Congratulations to Robert Fielding, winner of this year’s $30,000 acquisitive Bowness Photography Prize, for Sacred earth/Manta Miil miilpa, 2024, a thoughtful and deliberate work of protest that communicates the artist’s intention to practise truth-telling through his image-making.
Of this image, Fielding says, “This work is old and new. Present but secretive. One must look back to move forward, always honouring our land and culture.”

Robert Fielding (Yankunytjatjara (Western Arrente) peoples), Sacred earth / Manta Miil miilpa, 2024, photosensitive emulsion, cotton paper, acrylic paint, 224 x 228cm. Collection of the artist. Courtesy the artist, Mimili Maku Arts (Anangu Pitjantjatjara and Yankunytjatjara Land) and Museum of Australian Photography (MAPh), Melbourne
The judging panel, consisting of artist and academic Dr Peta Clancy, former Director of Photographers’ Gallery London Brett Rogers, and MAPh Director Anouska Phizacklea, worked through the submissions to select one winner and three Honourable Mentions, with thanks to Colour Factory.
“This iteration of the exhibition represents diversity, offering multiple perspectives on histories, identities, cultures and approaches to photography,” said Clancy. “With photographic explorations offering unique and respectful viewpoints on childhood, gender, bodies, fertility, sexuality, mortality, trauma, family, migration, connection to place, environmental destruction, colonisation, and the materiality of the medium.
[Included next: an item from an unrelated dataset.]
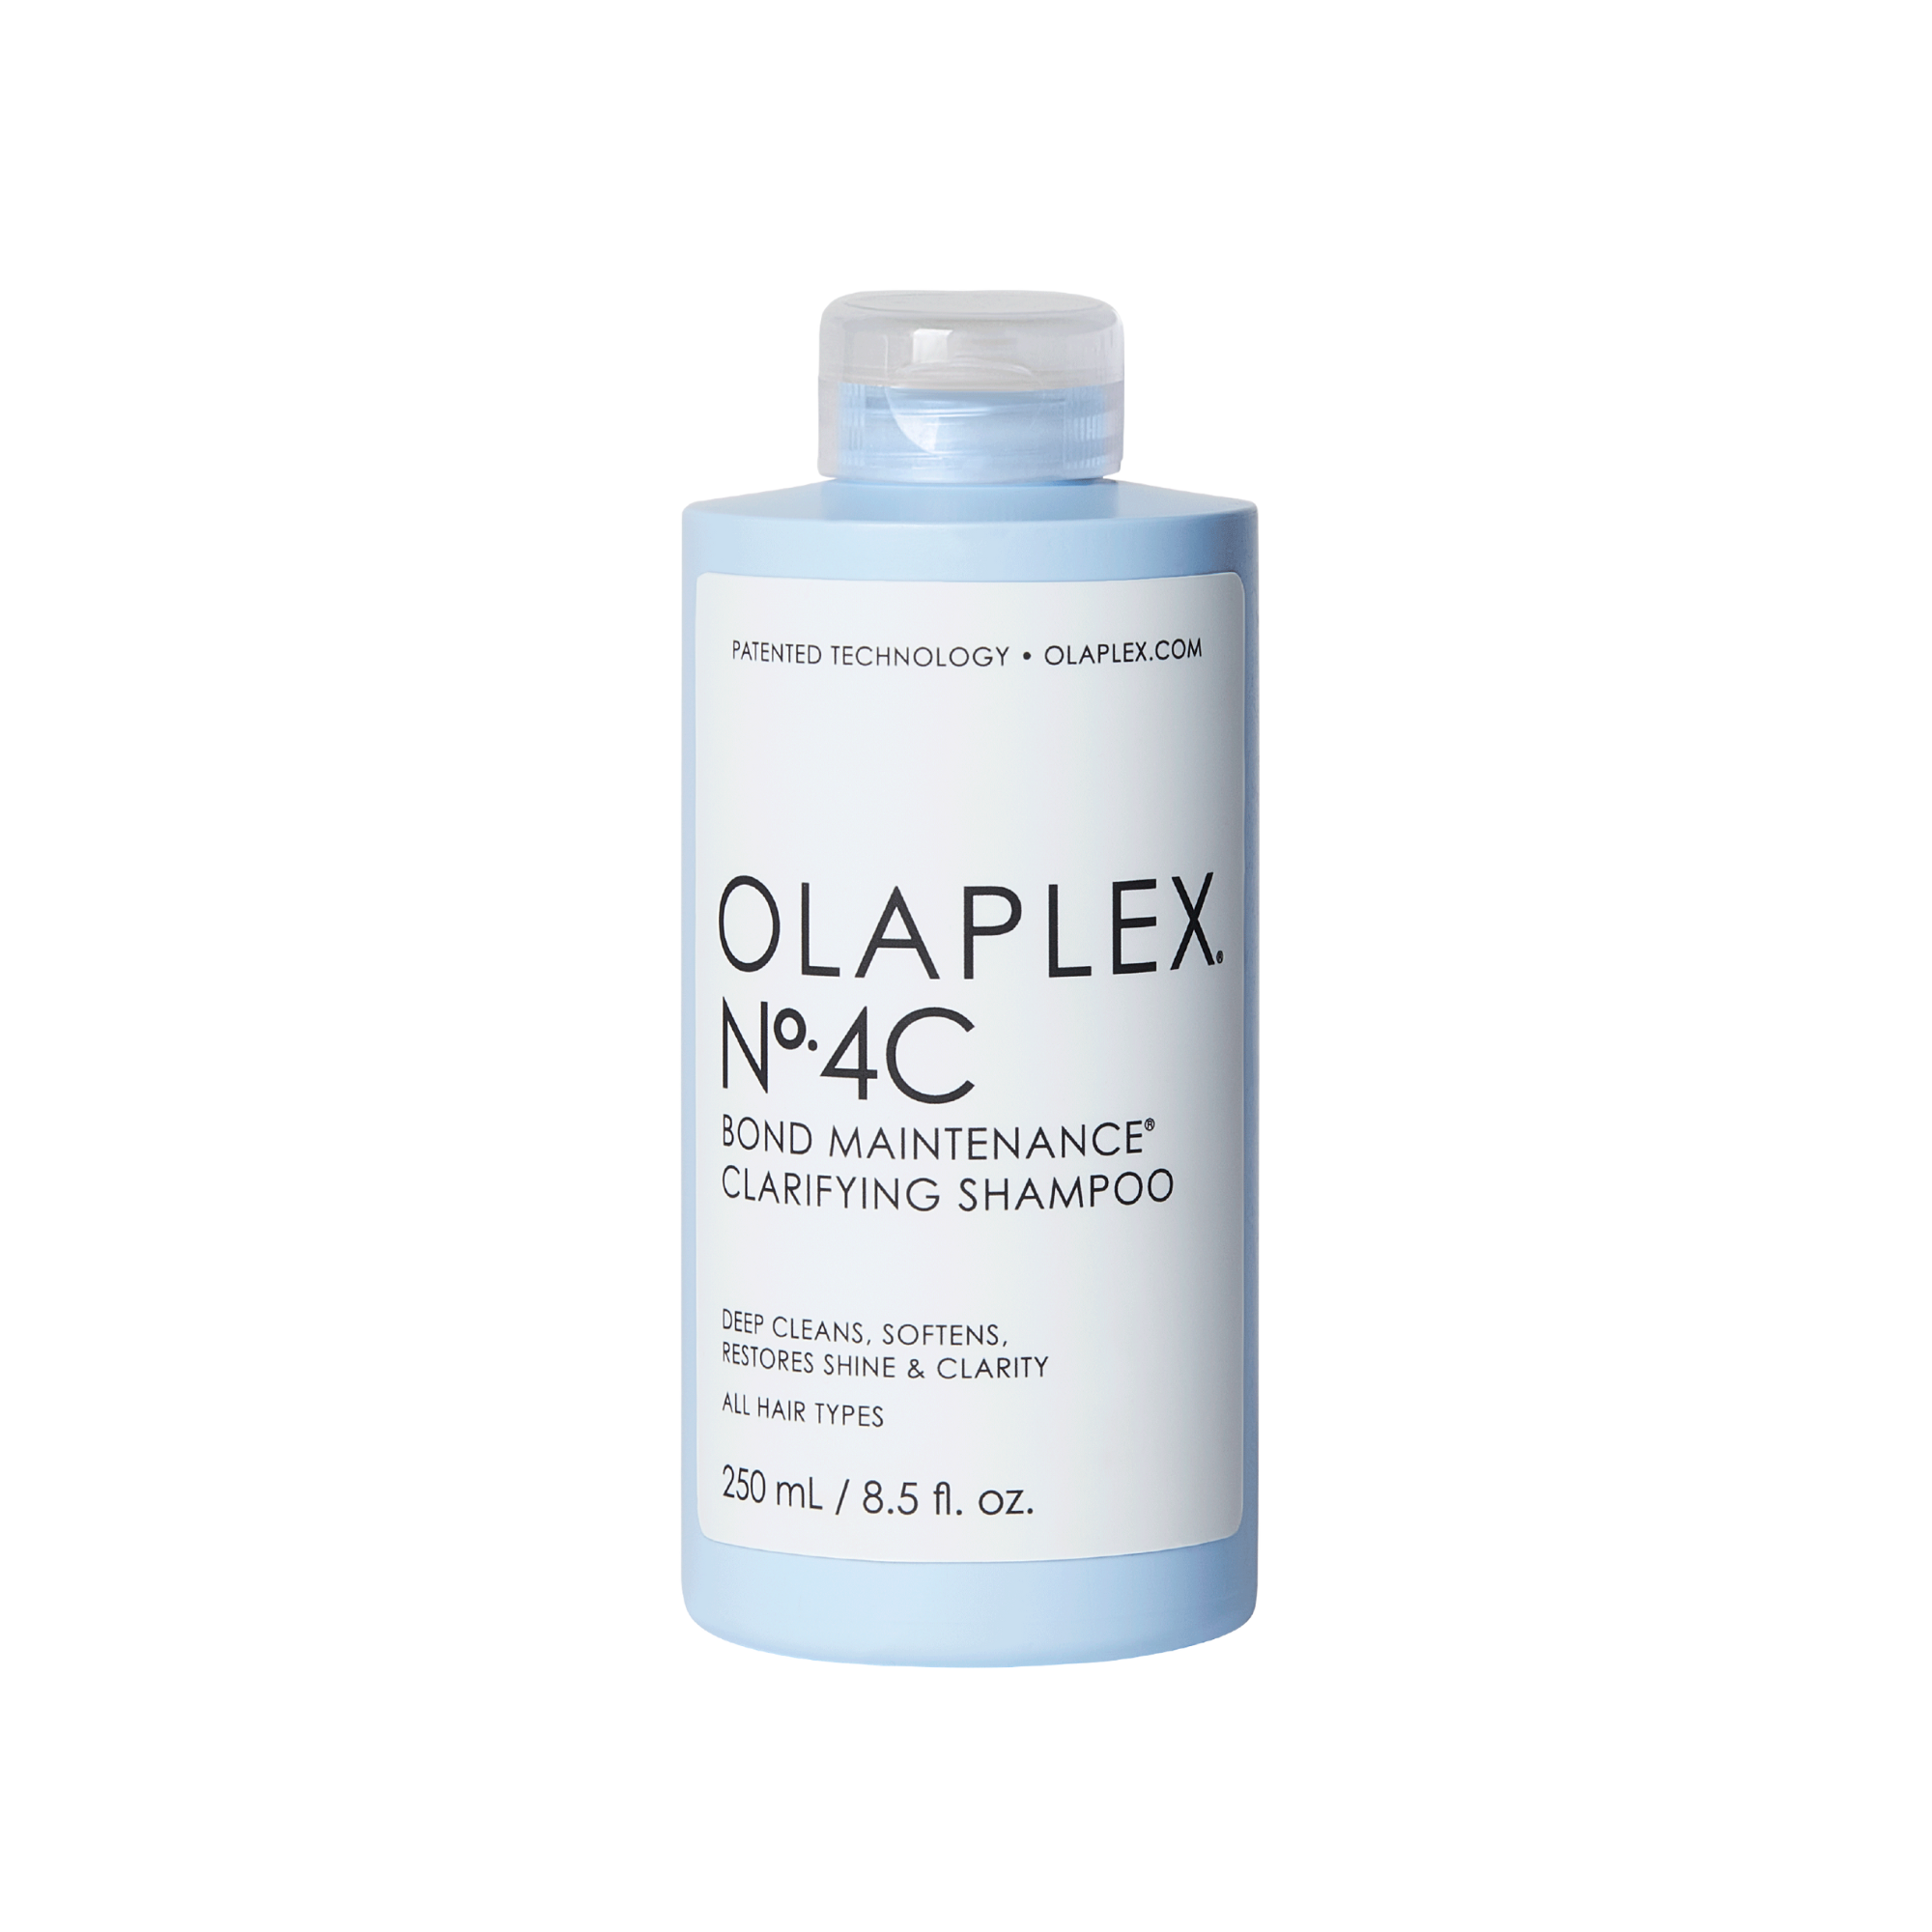 OLAPLEX® N°4C Clarifying Shampoo grid image

Each and every artwork has enabled me to learn a little more about, care for and deepen my respect for each other, the non-human, and the environment.”
The Honourable Mentions were awarded to Kirsten Lyttle for her work Kete whiri awa, 2024, Patrick Pound for his work The waste land, 2024, and Axel Garay for his work Slow way (unfinished business), 2023.
Rogers adds: “The approaches reflected in the work of all four winning artists testify to photography’s endless capacity to question our assumptions and provide imaginative routes for seeing the world anew – Robert Fielding’s blending of old and new techniques, looking both backwards and forwards to honour the land on which his images were created; Kirsten Lyttle’s unique interweaving of her Maori heritage with image-making in her exquisitely crafted hand-made kete (carrying basket) Kete whiri awa; Patrick Pound’s resonant yet witty and profound series The waste land, in which Ebay-sourced images of historical landscapes, scattered with waste from his own studio, are presented in old puzzle boxes; and Axel Garay’s emotionally intense self-portraits which resuscitate a nineteenth-century technique originally employed to exploit Indigenous subjects, thereby reclaiming power.”
The 2024 Bowness Photography Prize finalist exhibition is on view at Museum of Australian Photography (MAPh), Wheelers Hill VIC 3150 until 10 November.